Elektronika samochodowa – więcej części do zepsucia?
Auta od lat 90 zaczęły poważnie obrastać w elektronikę, pojawiły się pierwsze komputery silnika, elektronika ustawiała wiele parametrów silnika. Pojazdy sprzed wielu lat nie potrzebowały elektroniki i jeździły, a niektóre do tej pory jeżdżą. Komputery w samochodach i systemy kontroli trakcji oraz mikroprocesorowe mechanizmy zapewniające bezpieczeństwo czynne oraz bierne coraz częściej trafiają nie tylko do luksusowych limuzyn, ale spotyka się je już w sporej części tańszych i średniej klasy pojazdów
Usterka auta? Serwis naprawi z pomocą kabla i laptopa
Nowoczesne auta są nafaszerowane czujnikami na bieżąco zbierających dane na temat stanu technicznego pojazdu. Jadąc na diagnostykę serwisant podłącza komputer pod auto i już wie, co jest zepsute i co wymaga wymiany. Zdarza się jednak, że to właśnie oprogramowanie ulega usterce i choć mechanicznie auto jest sprawne, to nie pracuje w pełni poprawnie.
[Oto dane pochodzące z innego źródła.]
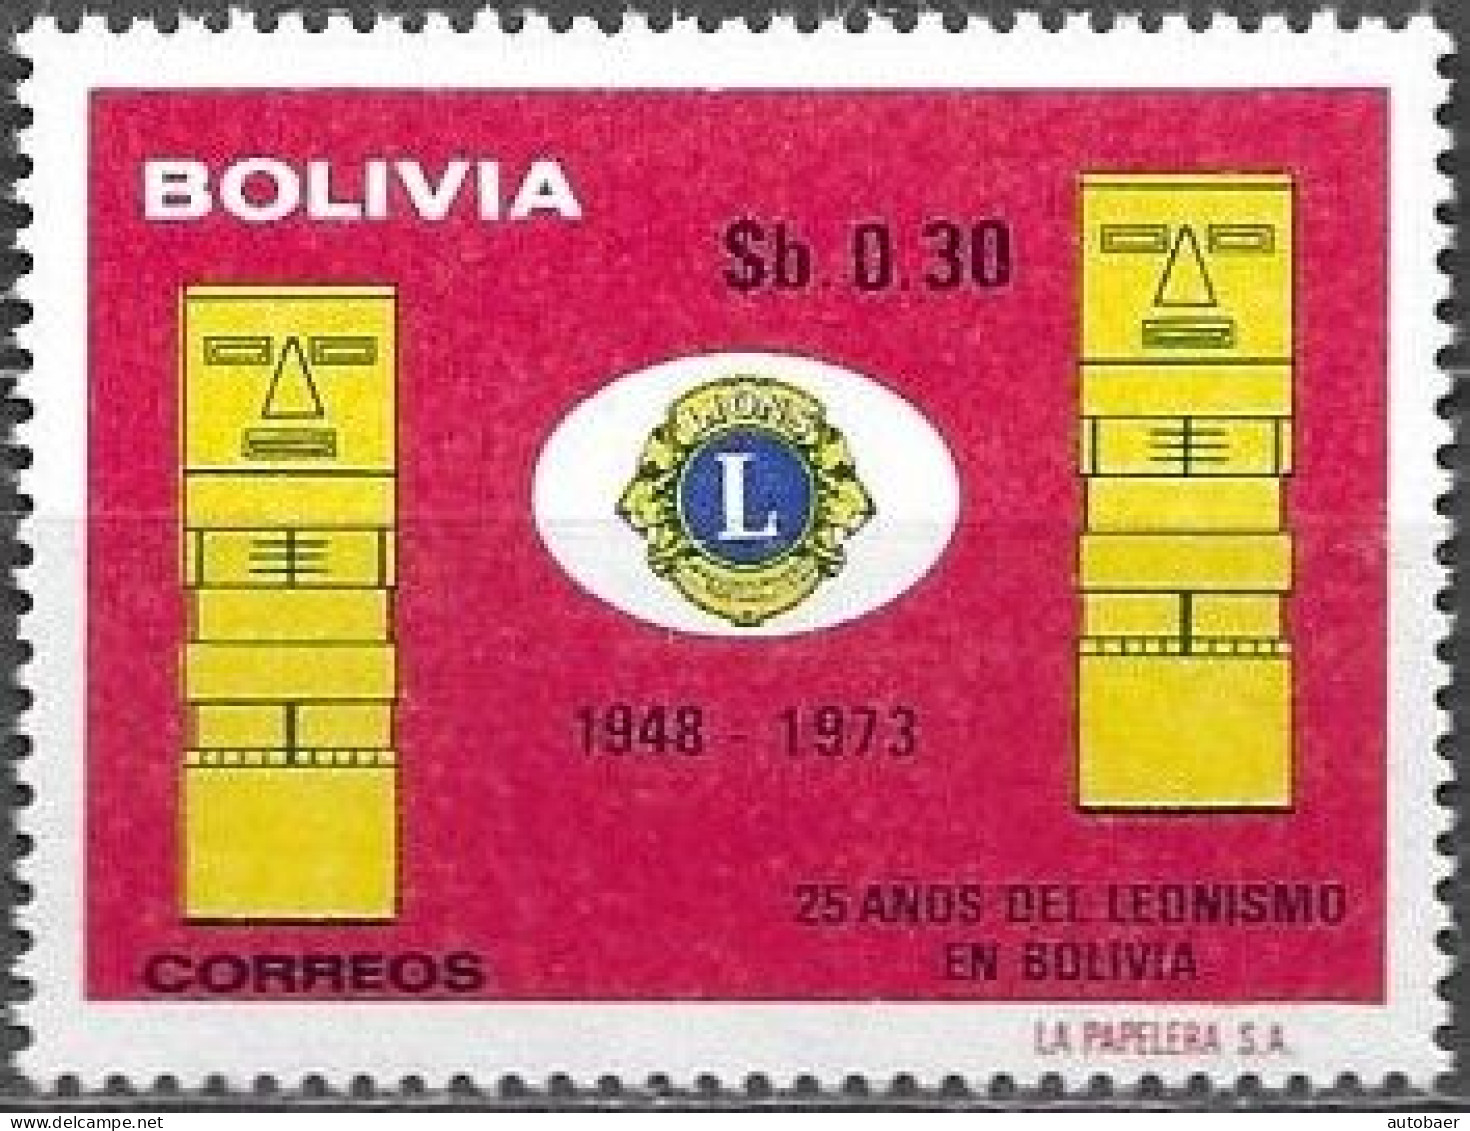 Bolivia Bolivie Bolivien 1975 25 Years Lions Club Leonismo Michel No. 872 MNH Mint Postfrisch Neuf ** - Bolivie

Dlatego naprawy mogą czasami przypominać proste wgranie nowego oprogramowania, które naprawi wszelkie usterki. Jednak awarie związane z układami elektrycznymi i elektronicznymi to jedne z najczęściej zgłaszanych przez kierowców typów usterek. Przy czym nie sprawdza się maksyma „jak dbasz, tak masz”. Trudno jest przewidzieć kiedy i czy w ogóle usterka może mieć miejsce, ponieważ jej wystąpienie wynika głownie z budowy układów elektrycznych.
Elektronika w służbie kierowcy
Choć faktycznie im więcej elektroniki samochodowej tym więcej podzespołów do zepsucia, to trzeba przyznać, że jest ona wyjątkowo pomocna. Nowoczesne auta są znacznie bezpieczniejsze od tych starych. Nad bezpieczeństwem kierowcy i pasażera ciągle czuwa wiele systemów (nawet w motocyklach – zobacz Honda Gold Wing) takich jak ABS , ESP, ASR, CDS, DSR i wiele, wiele innych. Zmniejszają one prawdopodobieństwo pościgu, umożliwiają dlatego elektronika jest potrzebna, nawet jeśli serwis będzie nas więcej kosztować.